§ **GIVEN DATA**:
= Beginning of Section =

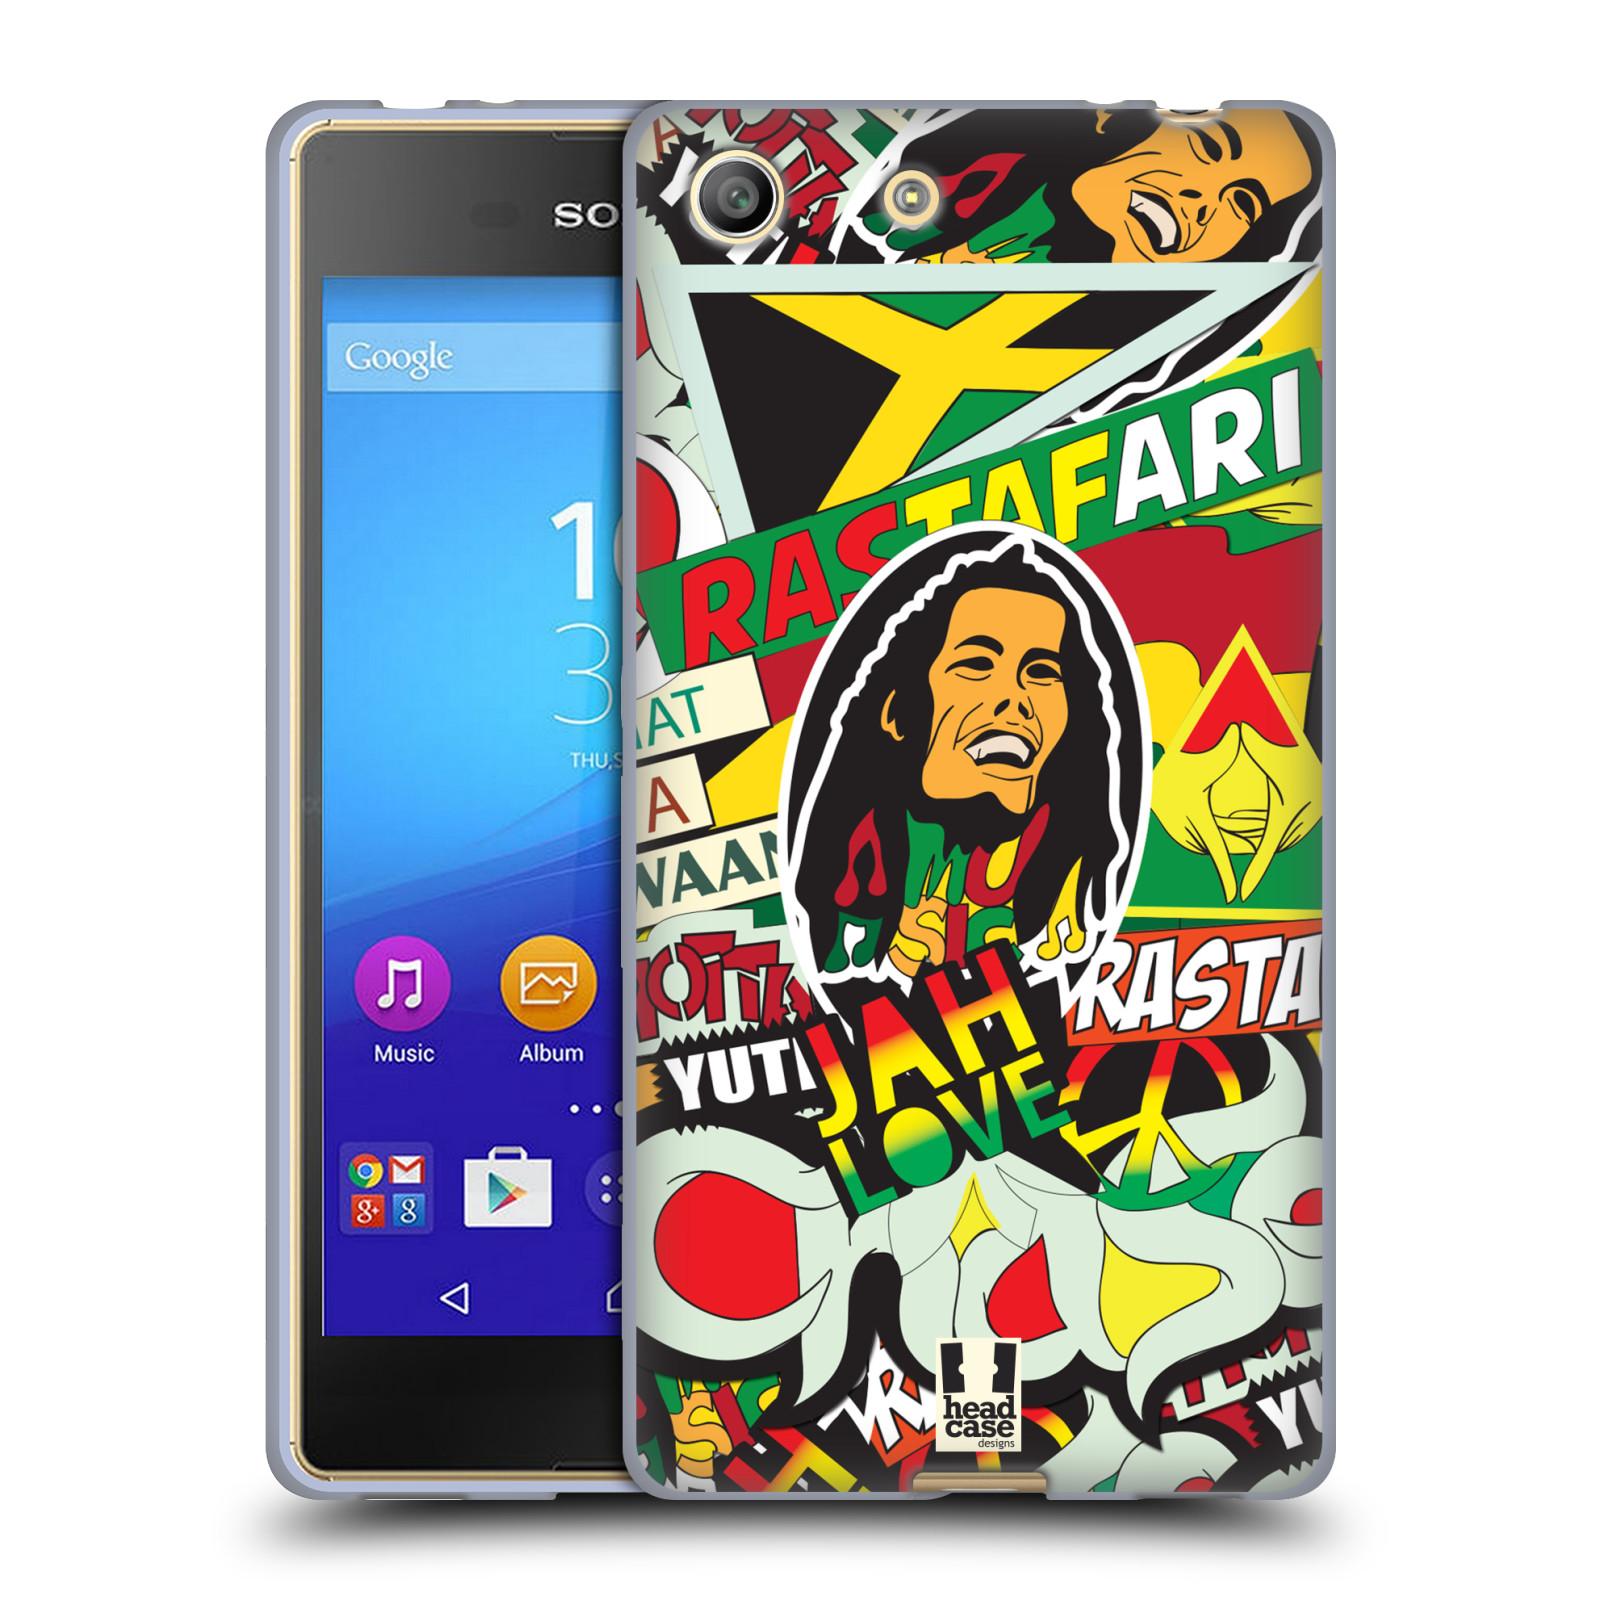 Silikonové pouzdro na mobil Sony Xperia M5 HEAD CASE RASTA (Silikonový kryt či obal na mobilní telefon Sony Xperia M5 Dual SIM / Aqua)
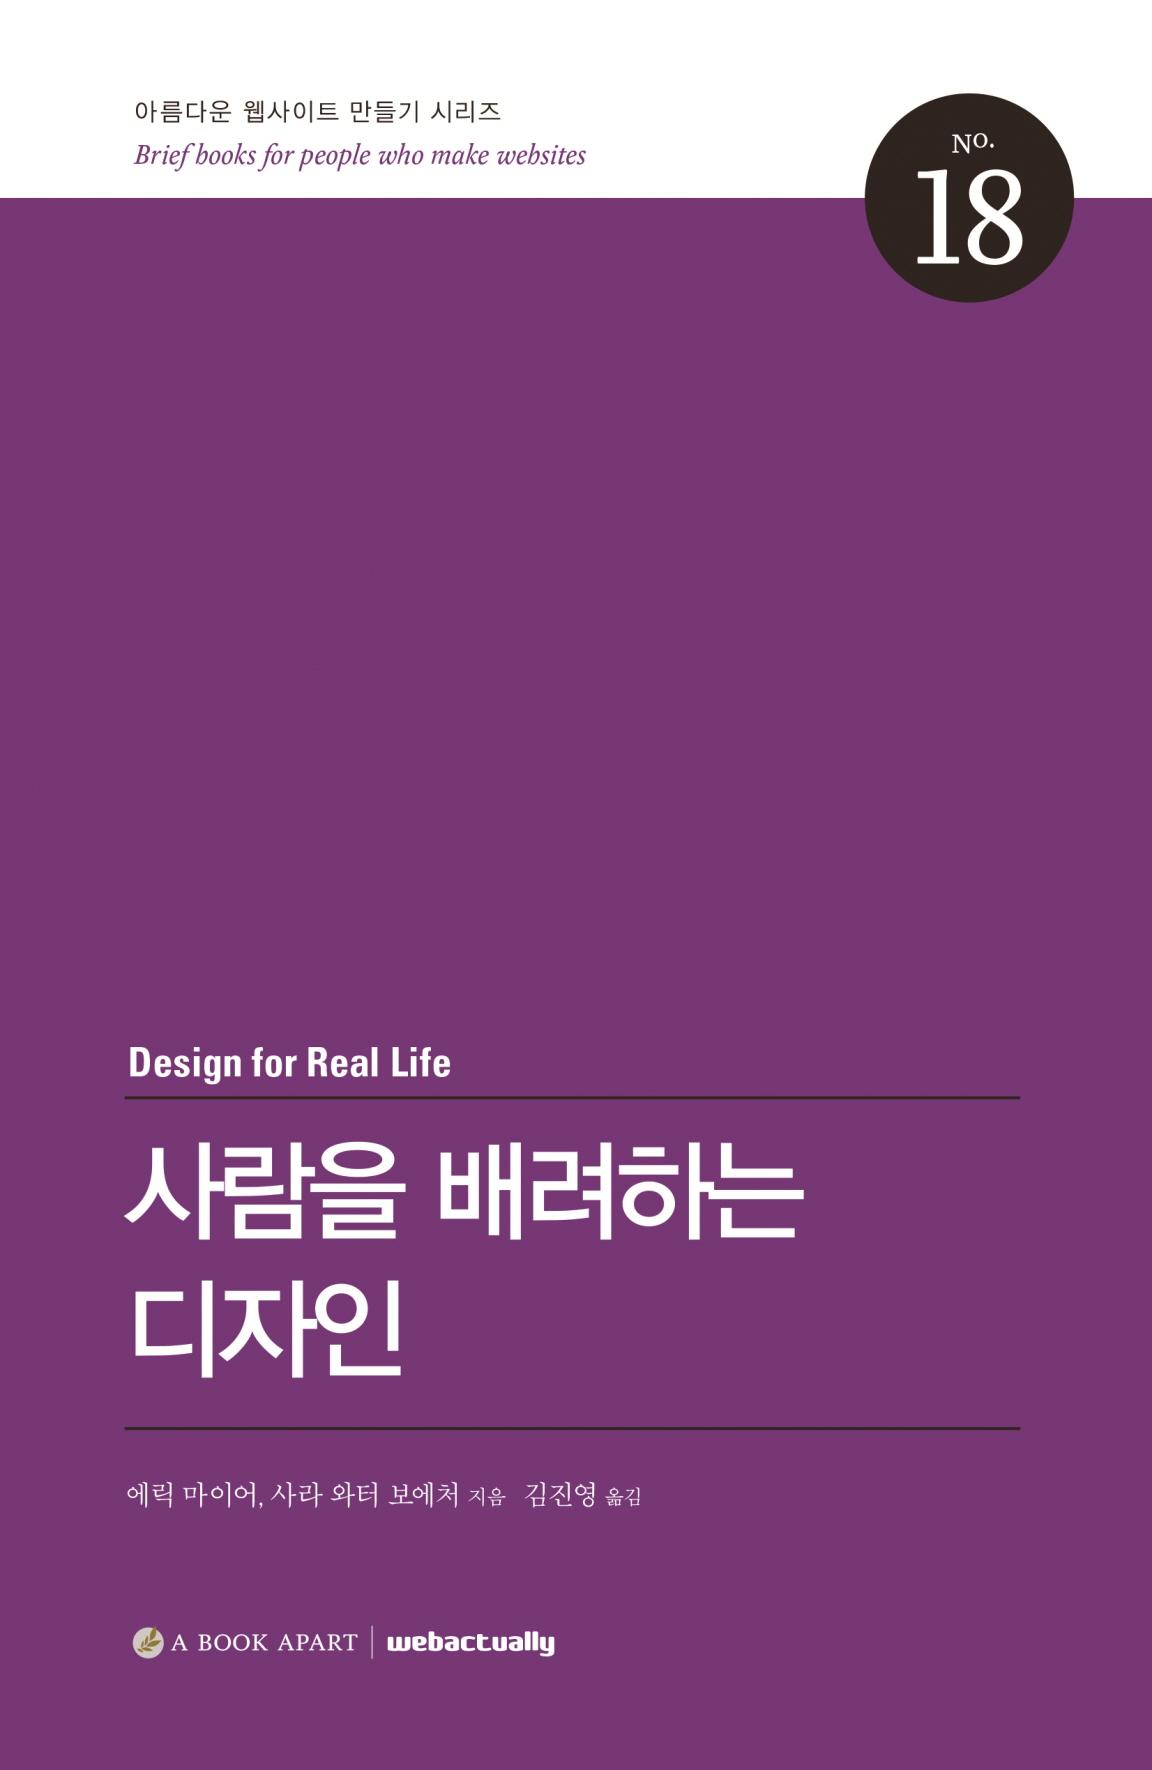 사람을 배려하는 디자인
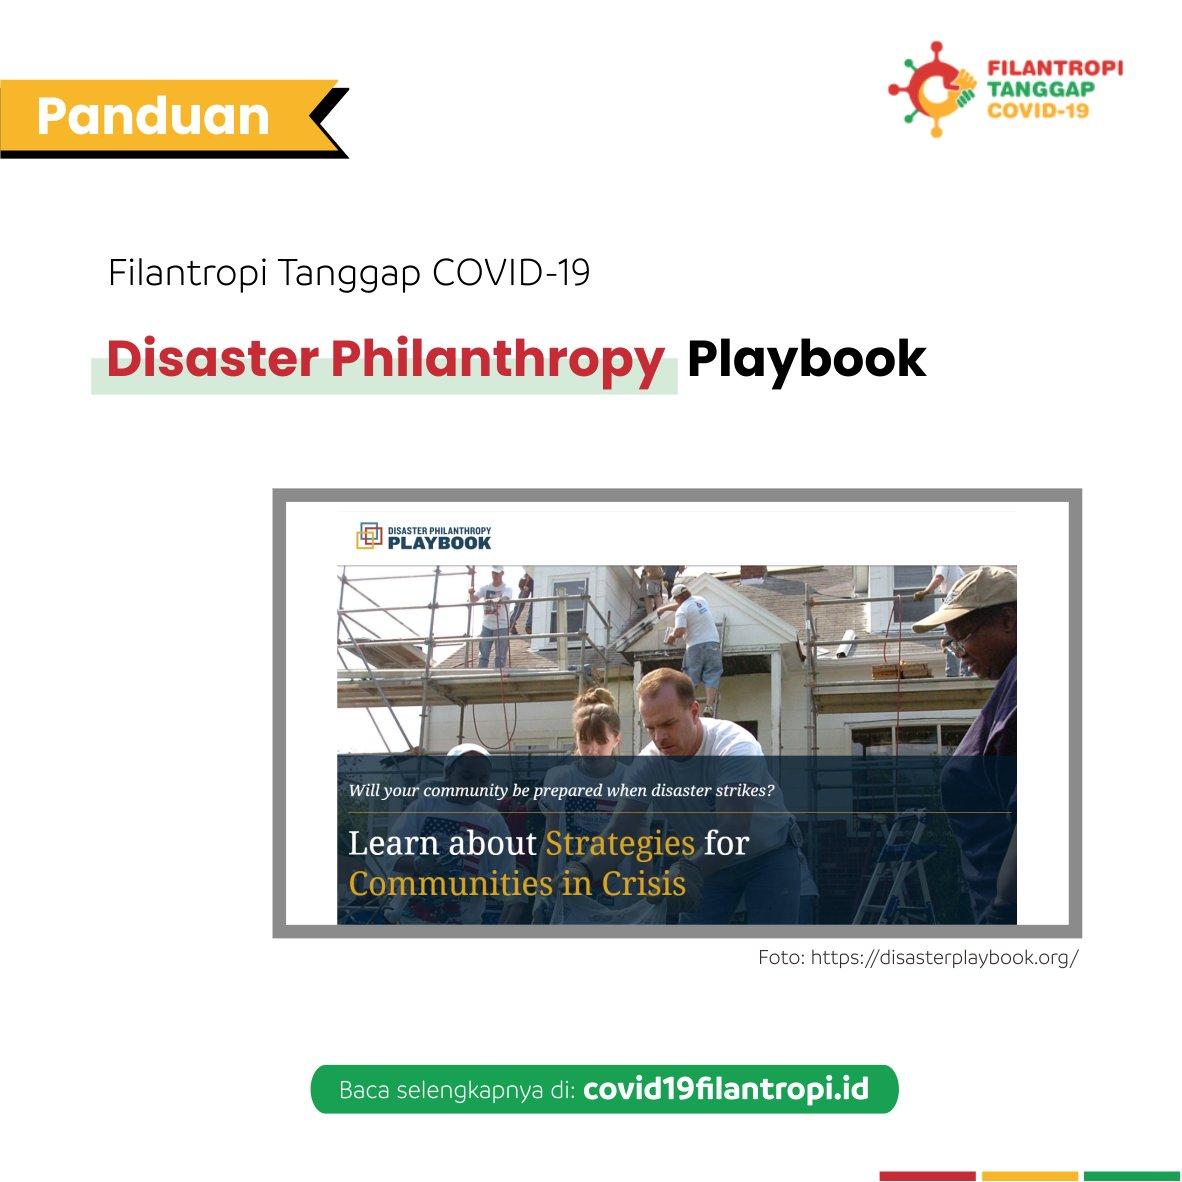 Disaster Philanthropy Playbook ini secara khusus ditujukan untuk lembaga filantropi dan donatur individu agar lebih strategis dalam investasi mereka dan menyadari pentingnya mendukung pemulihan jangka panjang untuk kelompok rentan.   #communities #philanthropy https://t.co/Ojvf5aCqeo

= End of Section =

§ **EXERCISE INSTRUCTIONS**: Could you please return each line of the material exactly, dropping the pictures?

§ **SOLUTION FOR THIS EXERCISE**:
 Silikonové pouzdro na mobil Sony Xperia M5 HEAD CASE RASTA (Silikonový kryt či obal na mobilní telefon Sony Xperia M5 Dual SIM / Aqua)
 사람을 배려하는 디자인
 Disaster Philanthropy Playbook ini secara khusus ditujukan untuk lembaga filantropi dan donatur individu agar lebih strategis dalam investasi mereka dan menyadari pentingnya mendukung pemulihan jangka panjang untuk kelompok rentan.   #communities #philanthropy https://t.co/Ojvf5aCqeo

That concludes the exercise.